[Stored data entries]
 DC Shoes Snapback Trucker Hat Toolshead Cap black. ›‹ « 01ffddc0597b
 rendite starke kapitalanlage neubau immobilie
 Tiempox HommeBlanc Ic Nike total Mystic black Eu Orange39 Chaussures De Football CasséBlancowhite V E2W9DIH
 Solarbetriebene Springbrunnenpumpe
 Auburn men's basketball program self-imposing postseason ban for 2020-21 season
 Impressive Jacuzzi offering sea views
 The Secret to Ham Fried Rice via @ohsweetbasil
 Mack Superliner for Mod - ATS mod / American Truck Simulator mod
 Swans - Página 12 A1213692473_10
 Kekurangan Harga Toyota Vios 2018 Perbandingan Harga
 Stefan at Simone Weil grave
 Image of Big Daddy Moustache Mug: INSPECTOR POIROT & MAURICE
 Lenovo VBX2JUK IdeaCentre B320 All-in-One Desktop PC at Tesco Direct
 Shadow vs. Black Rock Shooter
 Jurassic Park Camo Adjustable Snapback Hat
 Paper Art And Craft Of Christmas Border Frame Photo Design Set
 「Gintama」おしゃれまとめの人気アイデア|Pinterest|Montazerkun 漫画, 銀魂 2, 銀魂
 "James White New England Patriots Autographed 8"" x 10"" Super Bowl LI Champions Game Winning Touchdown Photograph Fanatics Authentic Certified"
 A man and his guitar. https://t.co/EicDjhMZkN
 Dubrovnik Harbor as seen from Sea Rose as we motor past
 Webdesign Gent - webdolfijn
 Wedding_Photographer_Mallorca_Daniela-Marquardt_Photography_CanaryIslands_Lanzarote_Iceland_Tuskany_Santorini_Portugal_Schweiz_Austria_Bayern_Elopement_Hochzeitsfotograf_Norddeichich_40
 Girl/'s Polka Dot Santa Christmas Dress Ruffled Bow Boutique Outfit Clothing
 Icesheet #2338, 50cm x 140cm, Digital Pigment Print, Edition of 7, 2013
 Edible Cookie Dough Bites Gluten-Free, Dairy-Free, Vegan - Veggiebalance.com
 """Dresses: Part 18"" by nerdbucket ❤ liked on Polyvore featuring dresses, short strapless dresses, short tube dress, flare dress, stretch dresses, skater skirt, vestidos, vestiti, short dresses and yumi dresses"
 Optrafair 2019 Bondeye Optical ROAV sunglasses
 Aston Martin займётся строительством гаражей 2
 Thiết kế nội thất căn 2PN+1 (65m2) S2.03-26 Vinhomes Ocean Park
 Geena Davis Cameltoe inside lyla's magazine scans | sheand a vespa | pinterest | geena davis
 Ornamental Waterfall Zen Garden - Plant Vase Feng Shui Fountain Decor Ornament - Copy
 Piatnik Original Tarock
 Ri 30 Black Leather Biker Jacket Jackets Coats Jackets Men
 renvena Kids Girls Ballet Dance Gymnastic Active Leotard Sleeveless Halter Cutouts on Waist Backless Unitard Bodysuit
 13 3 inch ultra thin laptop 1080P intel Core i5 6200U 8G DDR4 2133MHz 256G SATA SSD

TASK OBJECTIVE | All the lines above should be written out once more, exactly.

RESULT FOR THIS TASK |
 DC Shoes Snapback Trucker Hat Toolshead Cap black. ›‹ « 01ffddc0597b
 rendite starke kapitalanlage neubau immobilie
 Tiempox HommeBlanc Ic Nike total Mystic black Eu Orange39 Chaussures De Football CasséBlancowhite V E2W9DIH
 Solarbetriebene Springbrunnenpumpe
 Auburn men's basketball program self-imposing postseason ban for 2020-21 season
 Impressive Jacuzzi offering sea views
 The Secret to Ham Fried Rice via @ohsweetbasil
 Mack Superliner for Mod - ATS mod / American Truck Simulator mod
 Swans - Página 12 A1213692473_10
 Kekurangan Harga Toyota Vios 2018 Perbandingan Harga
 Stefan at Simone Weil grave
 Image of Big Daddy Moustache Mug: INSPECTOR POIROT & MAURICE
 Lenovo VBX2JUK IdeaCentre B320 All-in-One Desktop PC at Tesco Direct
 Shadow vs. Black Rock Shooter
 Jurassic Park Camo Adjustable Snapback Hat
 Paper Art And Craft Of Christmas Border Frame Photo Design Set
 「Gintama」おしゃれまとめの人気アイデア|Pinterest|Montazerkun 漫画, 銀魂 2, 銀魂
 "James White New England Patriots Autographed 8"" x 10"" Super Bowl LI Champions Game Winning Touchdown Photograph Fanatics Authentic Certified"
 A man and his guitar. https://t.co/EicDjhMZkN
 Dubrovnik Harbor as seen from Sea Rose as we motor past
 Webdesign Gent - webdolfijn
 Wedding_Photographer_Mallorca_Daniela-Marquardt_Photography_CanaryIslands_Lanzarote_Iceland_Tuskany_Santorini_Portugal_Schweiz_Austria_Bayern_Elopement_Hochzeitsfotograf_Norddeichich_40
 Girl/'s Polka Dot Santa Christmas Dress Ruffled Bow Boutique Outfit Clothing
 Icesheet #2338, 50cm x 140cm, Digital Pigment Print, Edition of 7, 2013
 Edible Cookie Dough Bites Gluten-Free, Dairy-Free, Vegan - Veggiebalance.com
 """Dresses: Part 18"" by nerdbucket ❤ liked on Polyvore featuring dresses, short strapless dresses, short tube dress, flare dress, stretch dresses, skater skirt, vestidos, vestiti, short dresses and yumi dresses"
 Optrafair 2019 Bondeye Optical ROAV sunglasses
 Aston Martin займётся строительством гаражей 2
 Thiết kế nội thất căn 2PN+1 (65m2) S2.03-26 Vinhomes Ocean Park
 Geena Davis Cameltoe inside lyla's magazine scans | sheand a vespa | pinterest | geena davis
 Ornamental Waterfall Zen Garden - Plant Vase Feng Shui Fountain Decor Ornament - Copy
 Piatnik Original Tarock
 Ri 30 Black Leather Biker Jacket Jackets Coats Jackets Men
 renvena Kids Girls Ballet Dance Gymnastic Active Leotard Sleeveless Halter Cutouts on Waist Backless Unitard Bodysuit
 13 3 inch ultra thin laptop 1080P intel Core i5 6200U 8G DDR4 2133MHz 256G SATA SSD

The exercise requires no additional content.